Collected data:
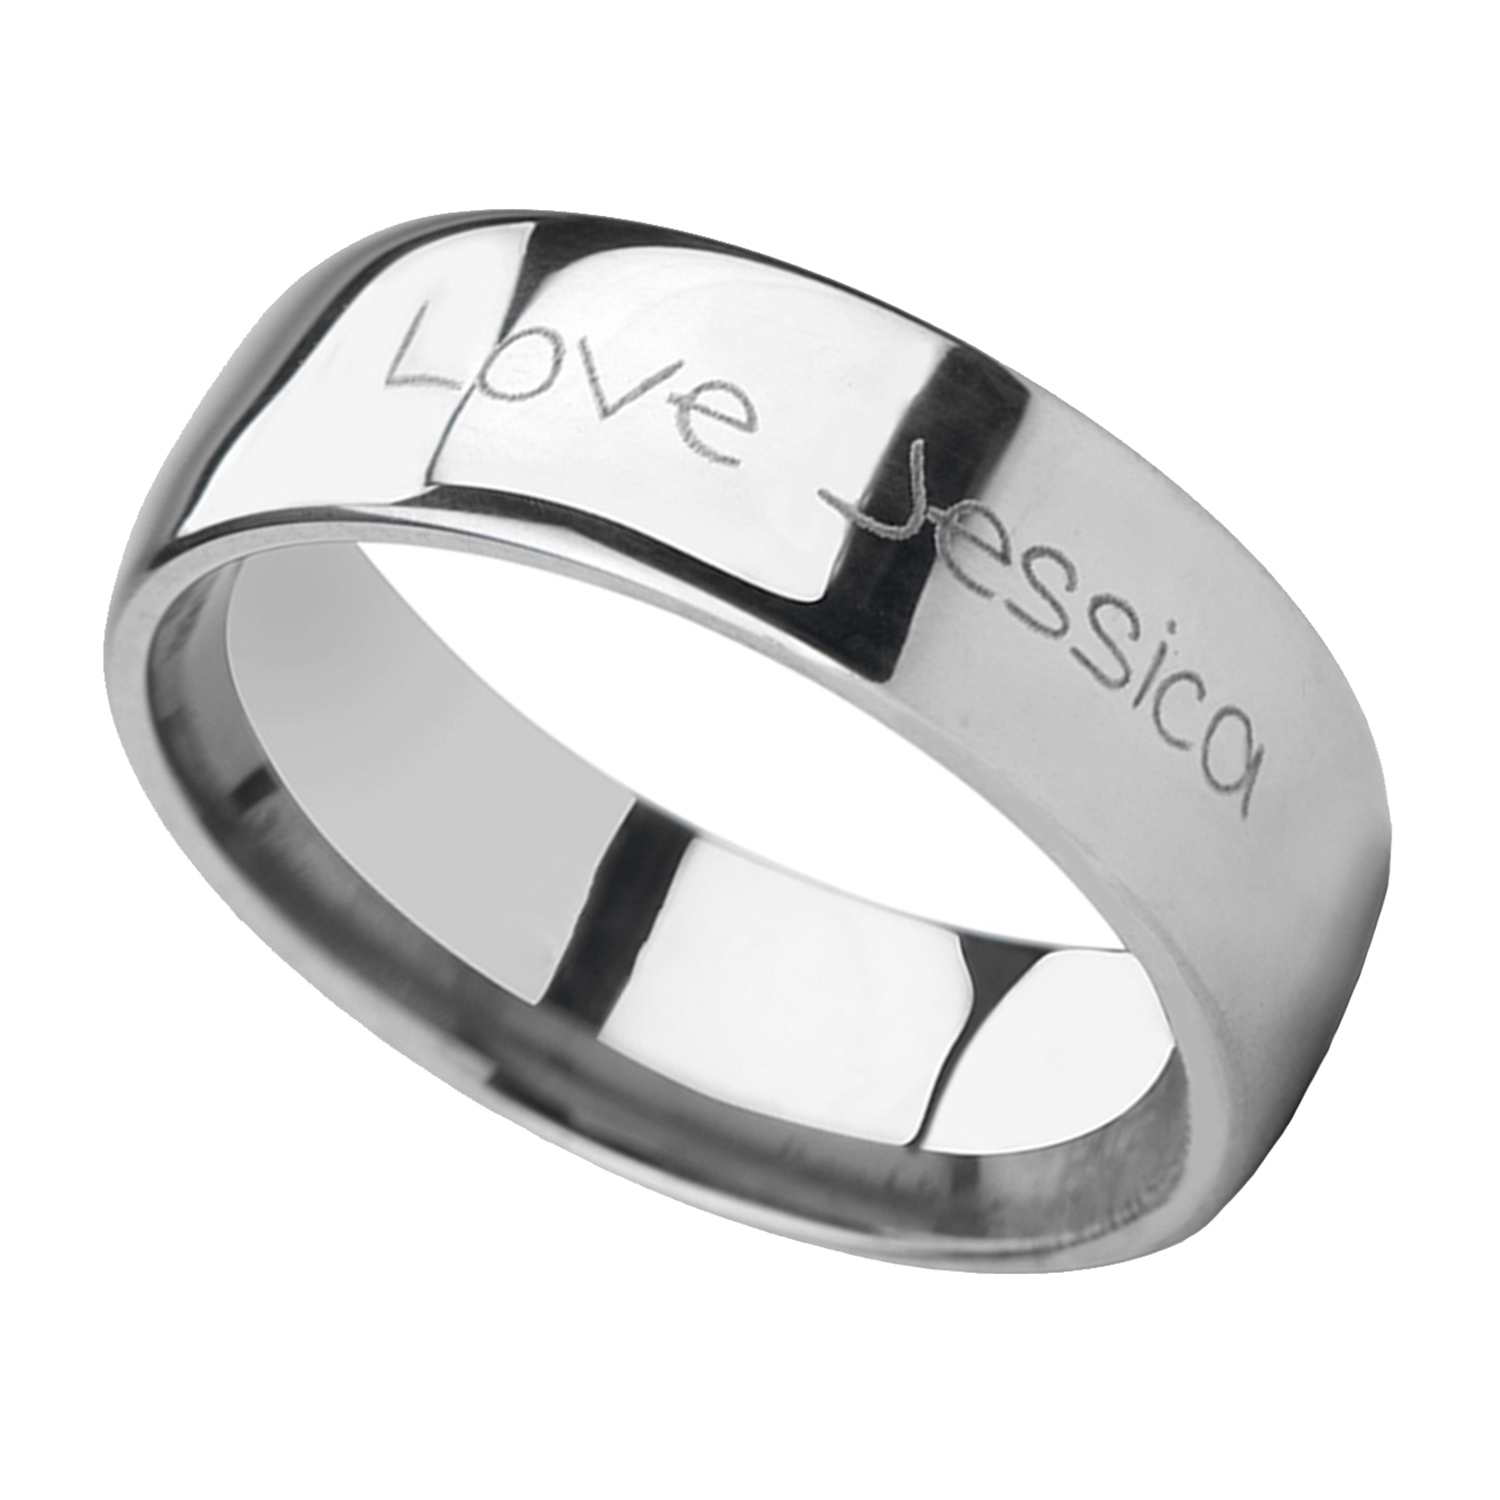 Polished & Domed Handwritten Engraved Tungsten Ring (6MM)
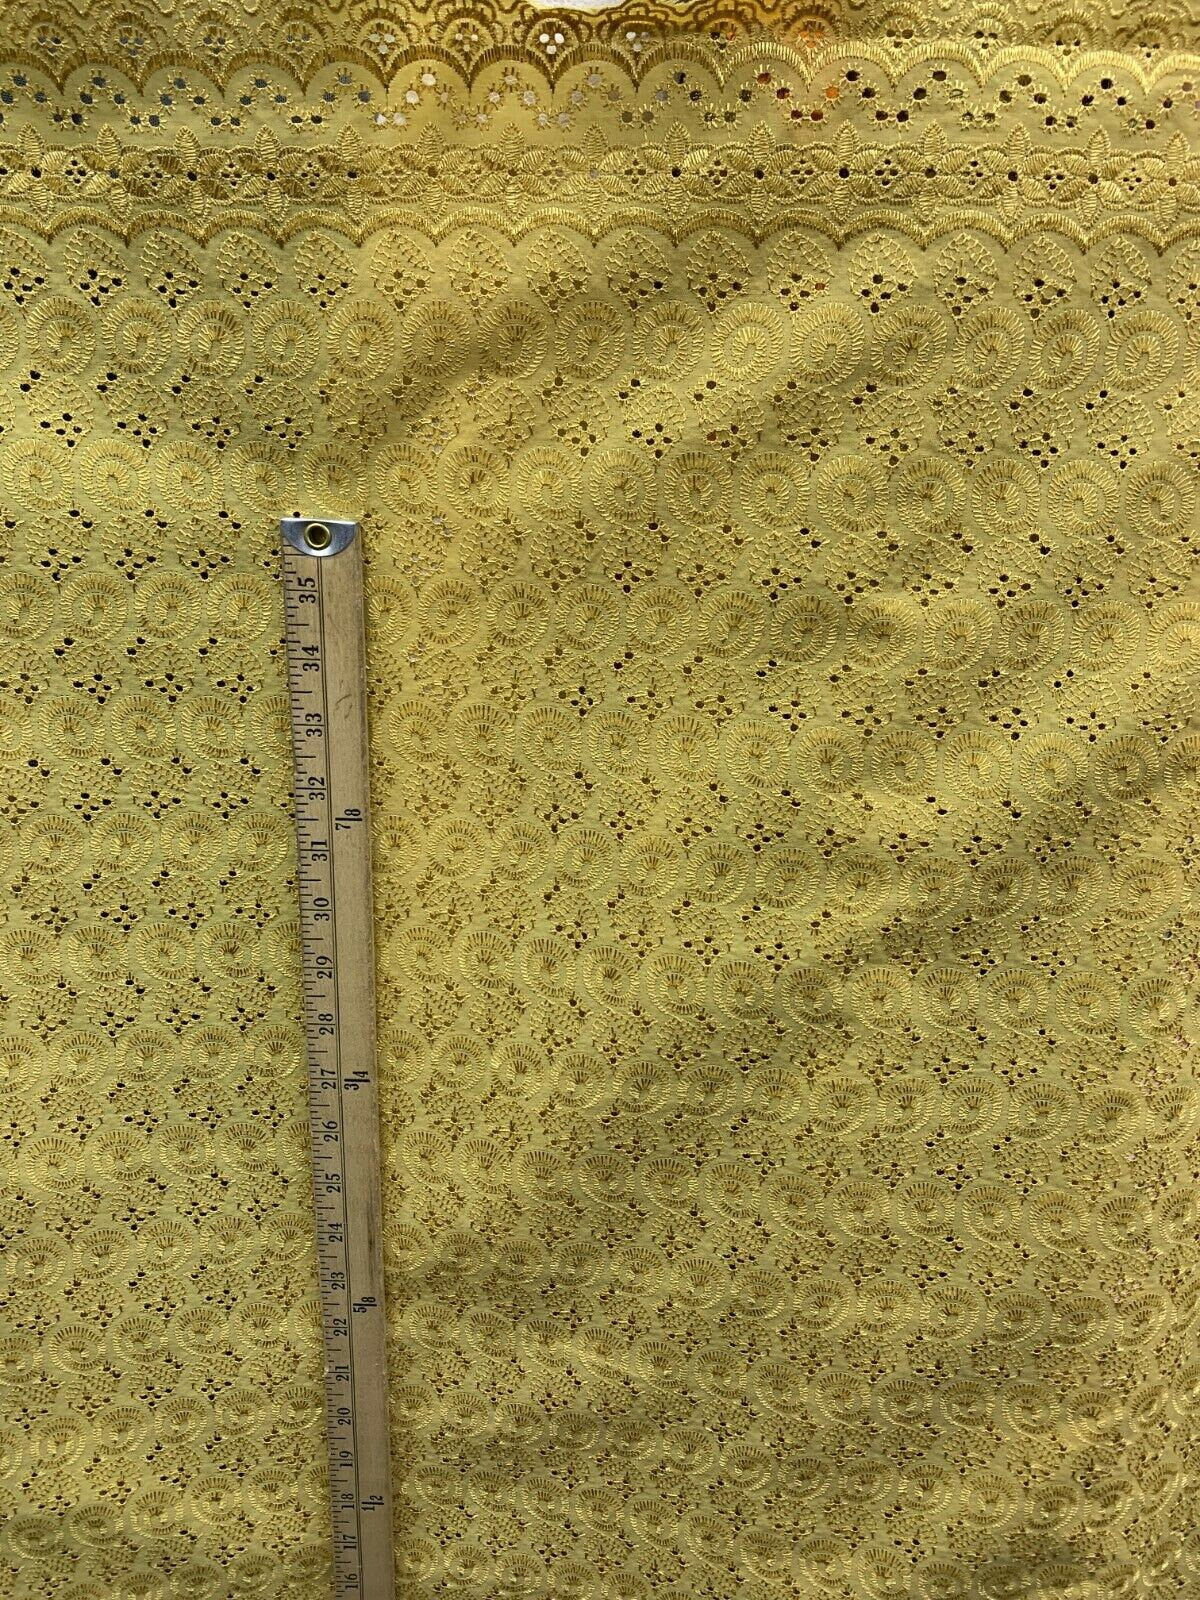 LIGHT GOLD Floral Cotton Eyelet Embroidered Fabric (45 in.) Sold By The Yard
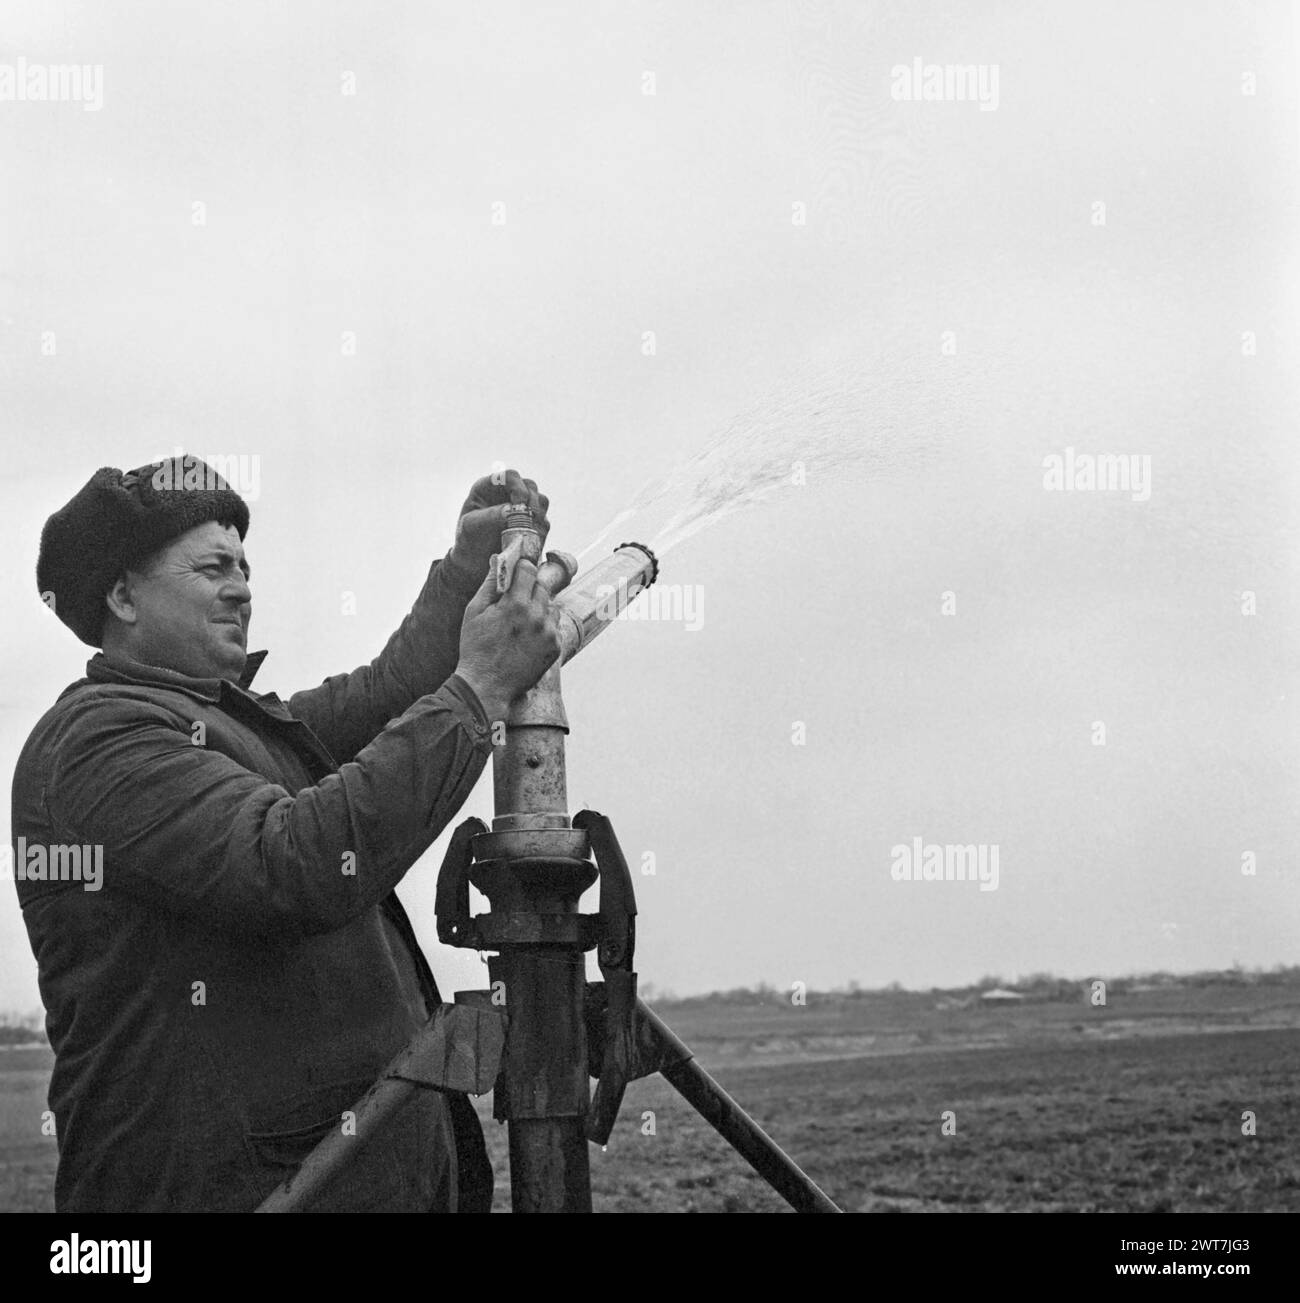 State agricultural cooperative in communist Romania, in the 1970s. Workers turning on the sprinklers. Stock Photo
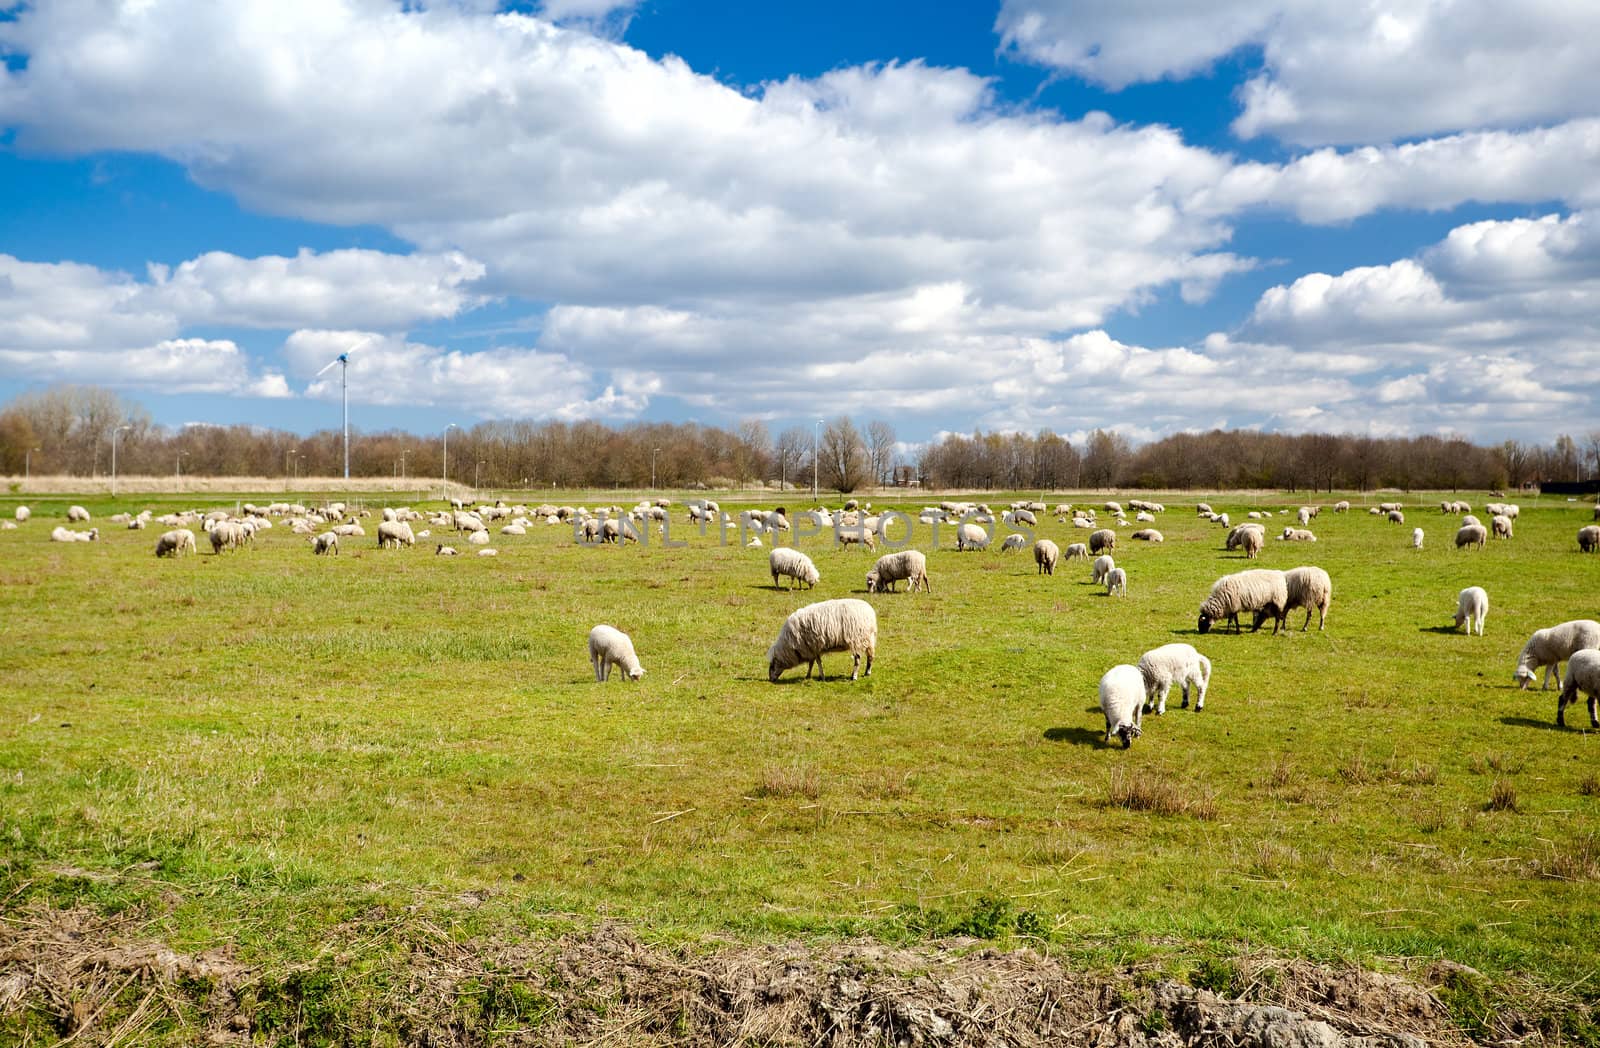 Dutch pasture with many white sheeps under blue sky with clouds
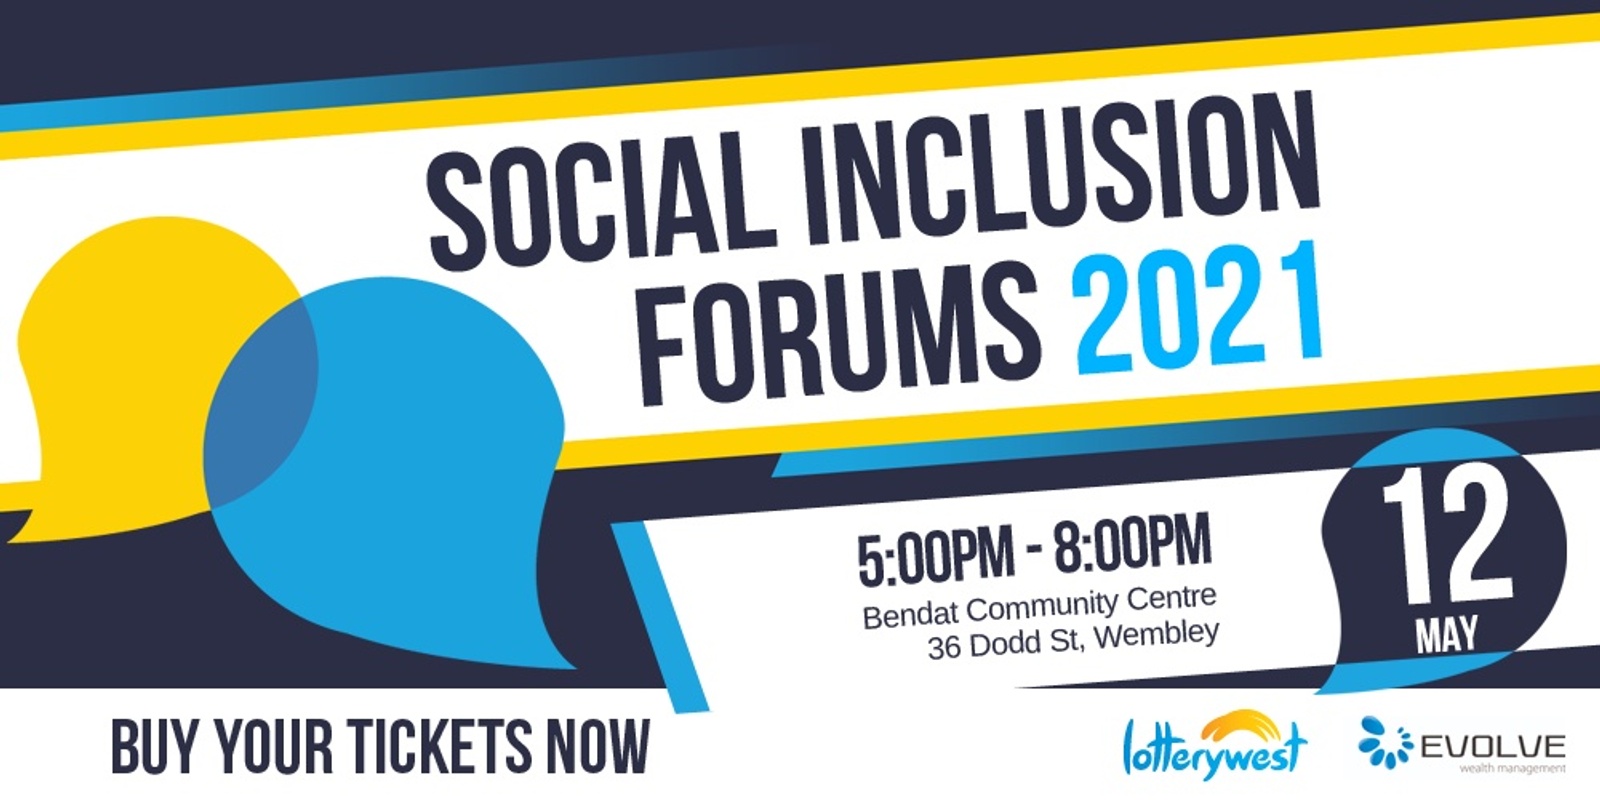 Banner image for Social Inclusion Forum

* PROBLEM REQUIREMENTS *
Although the records hold pictures, return only what remains, word for word.

* FINISHED TASK *
 Polished & Domed Handwritten Engraved Tungsten Ring (6MM)
 LIGHT GOLD Floral Cotton Eyelet Embroidered Fabric (45 in.) Sold By The Yard
 State agricultural cooperative in communist Romania, in the 1970s. Workers turning on the sprinklers. Stock Photo
 Dutch pasture with many white sheeps under blue sky with clouds
 Banner image for Social Inclusion Forum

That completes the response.